Find Broken Links In Your Roller Blog
By user12607856 on Jan 22, 2007
Recently on an internal mailing list, Calum gave an approach (thanks) which I've used. His suggestion was to use:
wget --spider --force-html -i bookmarks.html
I modified Calum's one-liner to create a simple script (findlinks.sh) that iterates over each of those files:
#!/bin/bash for i in 2\*.html; do echo File: $i wget --spider --tries=2 --force-html -i $i done
I added in the
--tries=2 to make the script a little more
responsive. It's definitely not the fastest thing in the world, but my
philosophy for computer programming is:
- Get it working.
- Make it better (more features).
- Make it faster and smaller.
We are still on stage 1 here.
Now you can run the script (in the directory where you saved your blog posts) with:
% ./findlinks.sh > blog-links.txt
I left this running overnight (yes, it's that slow, or rather, it had a lot of files to process), and in the morning I had a 3.7Mb file of interesting information. This now needed to be processed.

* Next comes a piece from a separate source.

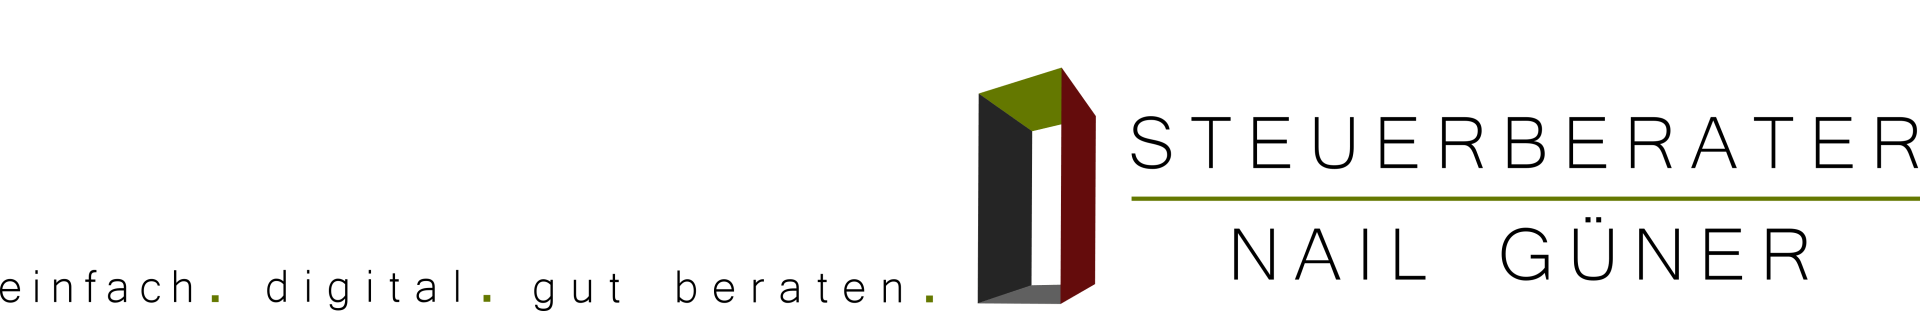 Steuerberater Nail Güner logo
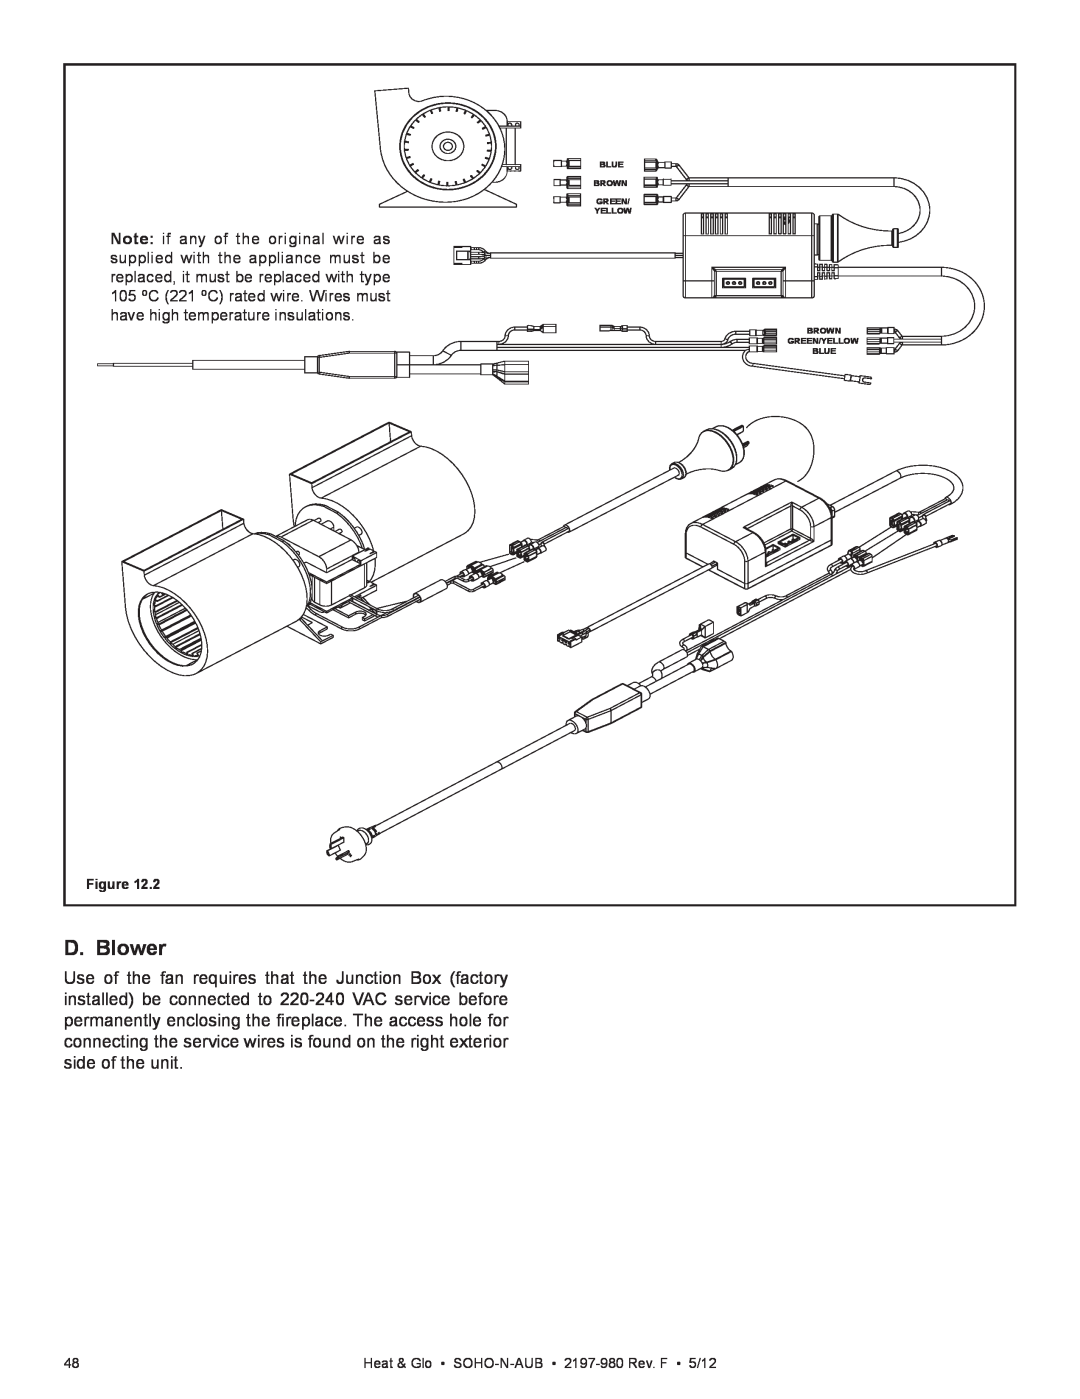 Heat & Glo LifeStyle owner manual D. Blower, Heat & Glo • SOHO-N-AUB• 2197-980Rev. F • 5/12

Another small Python script to the rescue. This script takes the previously generated output from findlinks.sh as input, processes each line, extracting out the name of each blog post and reporting links that didn't generate a "200 OK" result. It also writes out some simple statistics at the end of the run. Results are written to standard output.
It actually does a bit more than that. If a link generated a "301 Moved" response, then it's ignored. The blogs.sun.com team adjusted all the blog URL's a little while ago. Links of the form:
are now of the form:
It's a pity there isn't an easy way to automatically update all such links in my old blog posts.
It also seems that various Amazon links I have don't like it when the
command touches them. They all generate a "405 MethodNotAllowed" response.
I've ignored those too, as they seem to work just fine in a browser.
The new report generates output for each blog post file that looks something like:
File: 20040614-0724.html Date: [June 14, 2004 07:24] Url: http://www.sun.com/smrc/photos-sun/pphistory.html Url: http://brand.sun.com/ Response: 302 Moved Temporarily Url: https://brand.sun.com/ Url: http://au.sun.com/news/onsun/2002-04/sun_20.html Url: http://docs.sun.com/db/doc/806-2901/6jc3a4lqm?a=view >>> Response: 404 Not found Url: http://docs.sun.com/db/doc/806-2901/6jc3a4lqp?a=view >>> Response: 404 Not found Url: http://docs.sun.com/db/doc/806-2901/6jc3a4ltl?a=view >>> Response: 404 Not found Url: http://docs.sun.com/db/doc/806-2901/6jc3a4ltg?a=view >>> Response: 404 Not found Url: http://docs.sun.com/db/doc/806-2901/6jc3a4lu3?a=view >>> Response: 404 Not found Url: http://www.objectfarm.org/Activities/Publications/TheMerger/UserInterfaces/OPENSTEP-Desktop.jpg Url: http://jsdt.dev.java.net/ Url: https://jsdt.dev.java.net/ Url: http://java.sun.com/products/jms/index.jsp Url: http://www.wired.com/news/technology/0,1282,35526,00.html Url: http://www.sun.com/access Response: 302 Moved Temporarily Url: http://www.sun.com/access/ Url: http://wwws.sun.com/software/solaris/freeware/download.html Url: http://www.sun.com/software/solaris/freeware/download.html Url: http://www.sun.com/software/solaris/freeware/download.xml Url: http://www.java.blogger.com.br/sd1.jpg Url: http://www.solaris-x86.org/ Url: http://www.theregister.co.uk/2004/06/02/sun_shows_metropolis/ Url: http://calctool.sourceforge.net/Screenshots/gcalctool.png Url: http://www.xwinman.org/screenshots/gnome-anakin.jpg Url: http://web.comlab.ox.ac.uk/oucl/work/richard.brent/pub/pub043.html Url: http://www.technorati.com/tag/Personal
Where a link generated a response that began with a "4", I've prefixed the report line with ">>>" to make them easier to find.
Here's my link statistics:
917 files processed. 13462 links processed. 2372 links moved. 578 'method not allowed' links. 766 broken links found.
Now I just need to go back and edit all of those broken links and fix them up if possible.
There is also no doubt in my mind that this can be improved. Suggestions on how to go to stage 2 are most welcome.